This explains why Dell has been witnessing terrific growth in AI server orders. Specifically, Dell booked $24.4 billion in new AI server orders last quarter, while it shipped $16.6 billion worth of AI servers. So, Dell received more orders than it fulfilled. This explains why the company ended the quarter with a massive AI server backlog of $51.3 billion.
Dell management notes that AI server demand has been exceeding supply. As a result, it expects to end the year with "meaningful backlog," suggesting that the remarkable growth that it is clocking is here to stay. Importantly, Dell has substantially increased its fiscal 2027 revenue guidance to $167 billion, well above the prior estimate of $140 billion.
The company anticipates $60 billion in AI server revenue this year, significantly higher than the $25 billion it generated in fiscal 2026. What's worth noting is that the AI server market is anticipated to clock a 35% annual growth rate between 2026 and 2034, according to Fortune Business Insights. It is expected to generate a whopping $2.85 trillion in revenue at the end of the forecast period, as compared to $262 billion this year.
Dell is clearly growing faster than the end market, which means it is gaining a larger share of this lucrative space. This should pave the way for terrific long-term growth at Dell, which is why investors should consider buying this AI stock before it soars higher.
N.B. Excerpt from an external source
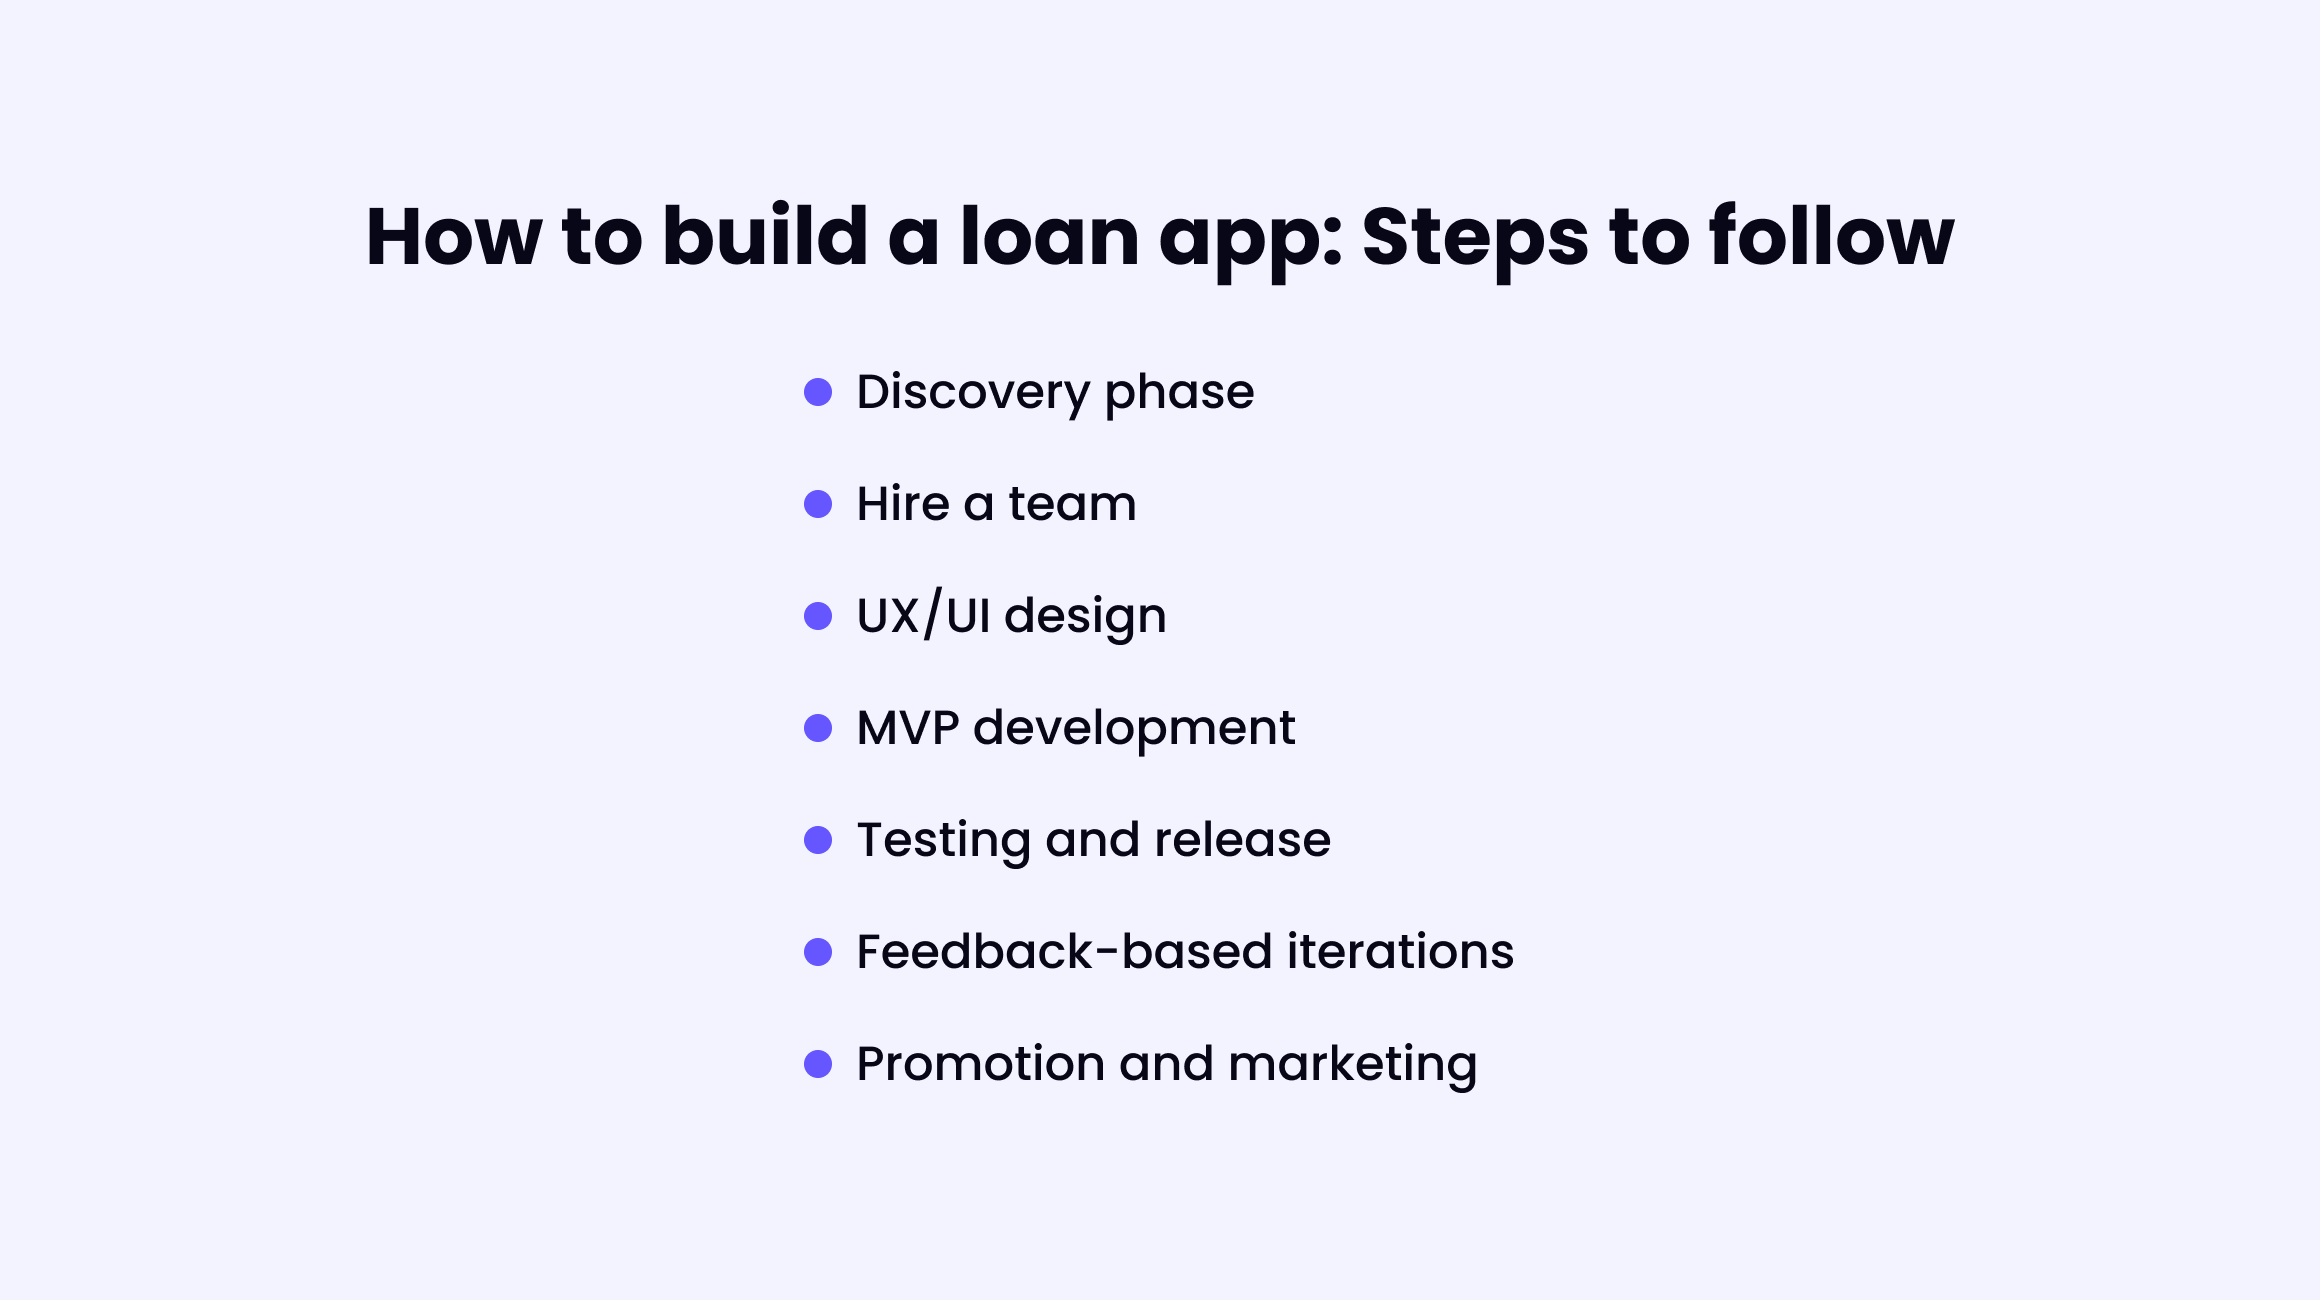 Stages of loan app development

Dell is trading at just 2.3 times sales. That's well below the Nasdaq Composite index's sales multiple of 5.6. What's more, Dell is significantly cheaper than both Micron and Nvidia as well.

Data by YCharts
As Dell is forecasting an impressive 47% jump in revenue this year, it should ideally trade at a premium to the Nasdaq Composite. But even if it trades at the index's average sales multiple at the end of the current fiscal year, its market cap could surge to $935 billion. That's more than 3x ts current market cap, suggesting it isn't too late for investors to buy this potential multibagger.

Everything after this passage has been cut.